Ercole Marelli (Milan, 19 May 1867 – Tremezzina, 28 August 1922) was an Italian engineer and entrepreneur.

==Biography==
Marelli was born in Milan on May 19, 1867, the son of a craftsman from the Como area. At fifteen he began working as an apprentice at a mechanical workshop. In 1885 he was presented to Bartolomeo Cabella, director of the Italian Brown Boveri Tecnomasio and hired as a mechanic for measuring instruments and for electrical work applied to lighting. In October 1888 he went to Asunción in Paraguay, just twenty years old, where he assembled and operated an electrical system for the Concha Sociedad plant.

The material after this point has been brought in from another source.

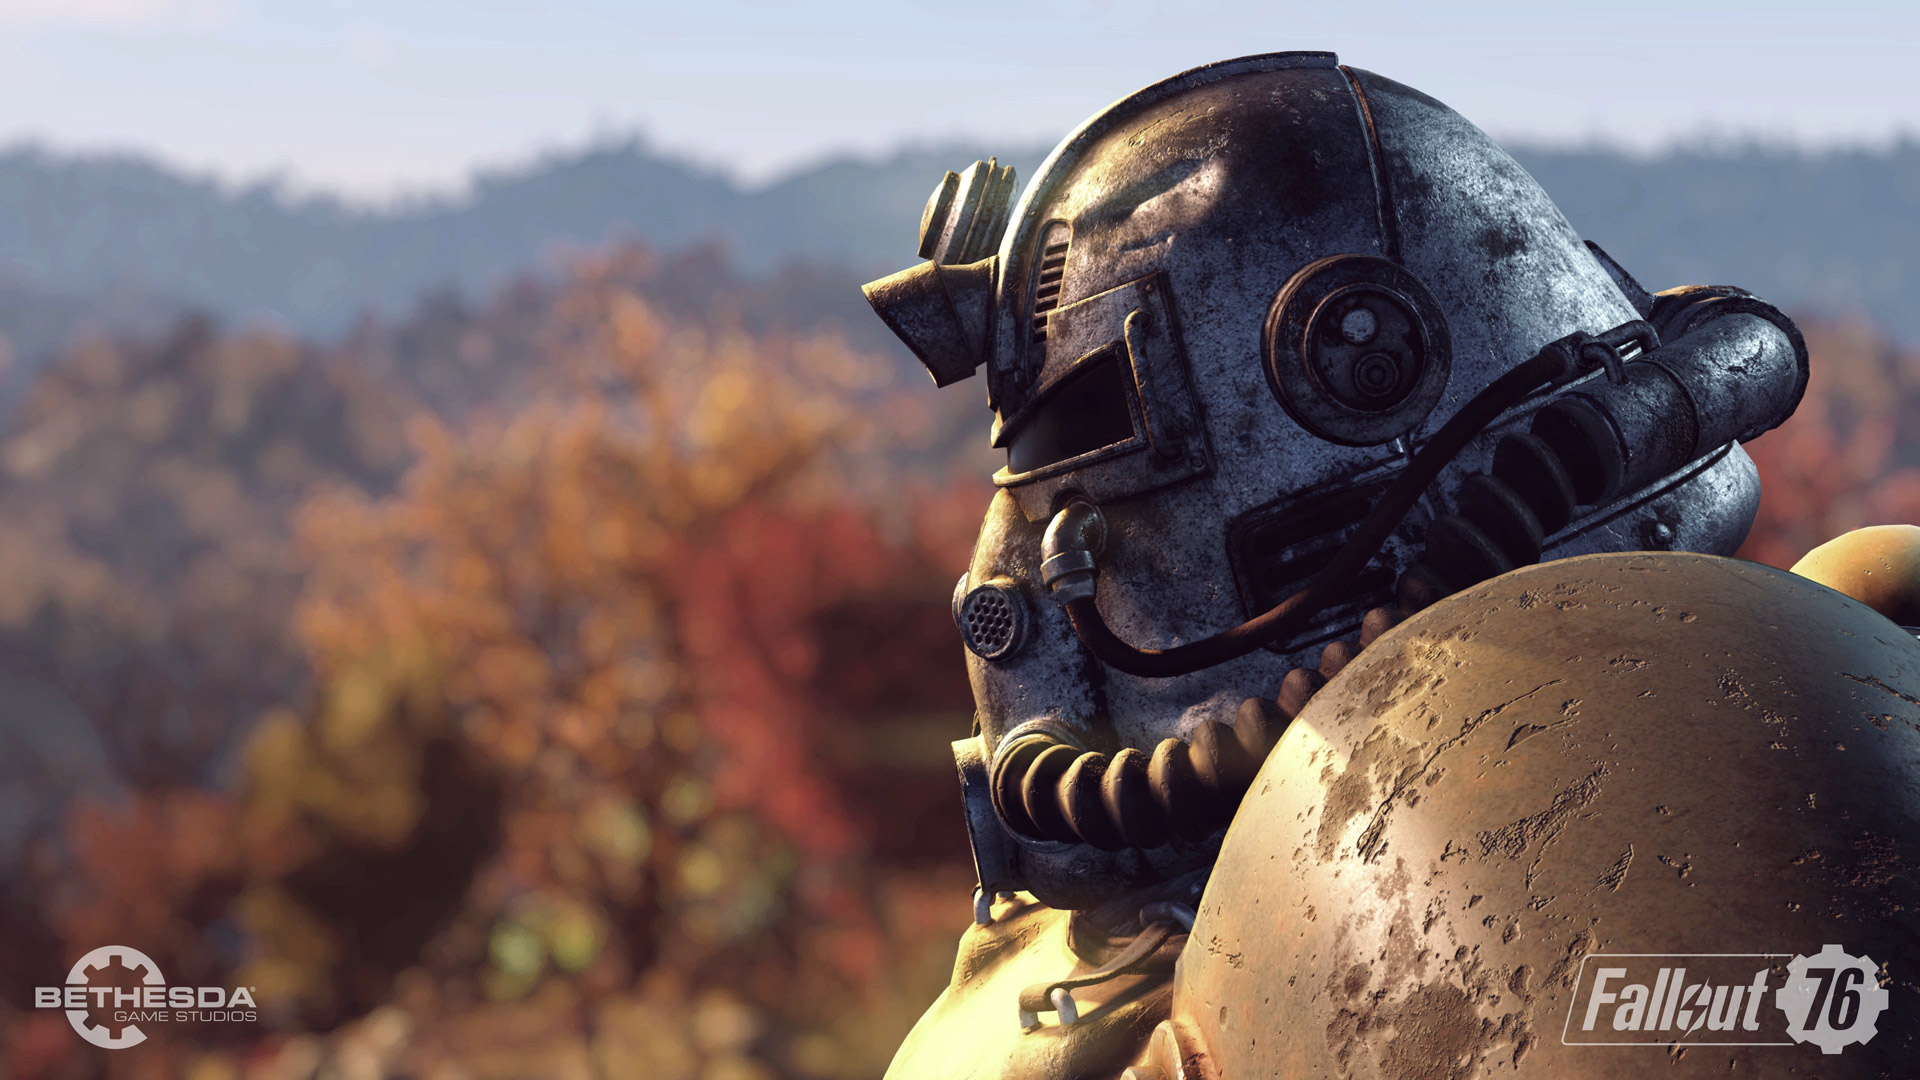 Fallout 76 Wallpaper in 1920x1080

==Foundation of Ercole Marelli==
In 1891, when he returned to Italy, he founded a modest workshop of electrical appliances in the centre of Milan, assisted by a worker; they manufactured apparatus of physics and geodesy, electric machines for school toilets, batteries, accumulators and electro-medical devices. From 1898 it also began to trade AC motors.

==Sesto San Giovanni plant==
On 28 February 1900 it became a limited partnership. In December 1905 it opened a plant in Sesto San Giovanni, producing small electric motors, centrifugal pumps and transformers.

==Patents for magnetos==

In 1915, the "Società Anonima Ercole Marelli" started the first Italian experiments in the field of magnetos for petrol engines. In 1916, Ercole Marelli registered the first patent related to magnetos, perfecting the innovation in 1917, and then again with a "complete" patent towards the end of 1918.

==Foundation of Magneti Marelli ==
In 1919 by Ercole Marelli he broke off a production department of automobile magnetos, which later became in turn the company Magneti Marelli. The joint venture established equal shares of capital, giving the presidency and the technical management, as well as the commercial one to Marelli. The ownership was then entrusted to the husband of his daughter, Bruno Antonio Quintavalle, who remained until 1967. In that year the entire stock package passed to Fiat and his brother Umberto Quintavalle.

==Archive==
The documentation produced by Ercole Marelli during his entrepreneurial activity is conserved in part at the ISEC Foundation [2] of Sesto San Giovanni, in the Ercole Marelli Fund (chronological details: 1896–1986), and partly at the Magneti Marelli Historical Archives (chronological details: 1919–2000). The latter collects an extremely important documentary heritage for the history of industry in the fields of motor vehicles, telecommunications, radio and television, produced by the company in over ninety years of activity. The mission of the Historical Archive consists in collecting, conserving and enhancing the historical memory of Magneti Marelli and the brands that make it up, among which Weber and Solex, Veglia Borletti and Jaeger, Carello and Siem stand out. The preserved historical material covers an era that goes from the end of the 19th century to 2000 and is made up of a sector related to image and communication, with about 20,000 images, 500 films and over 2000 pieces among business magazines, brochures, advertisements and press reviews; a technical sector with over 1000 product catalogs, manuals and technical drawings; reports and company balance sheets.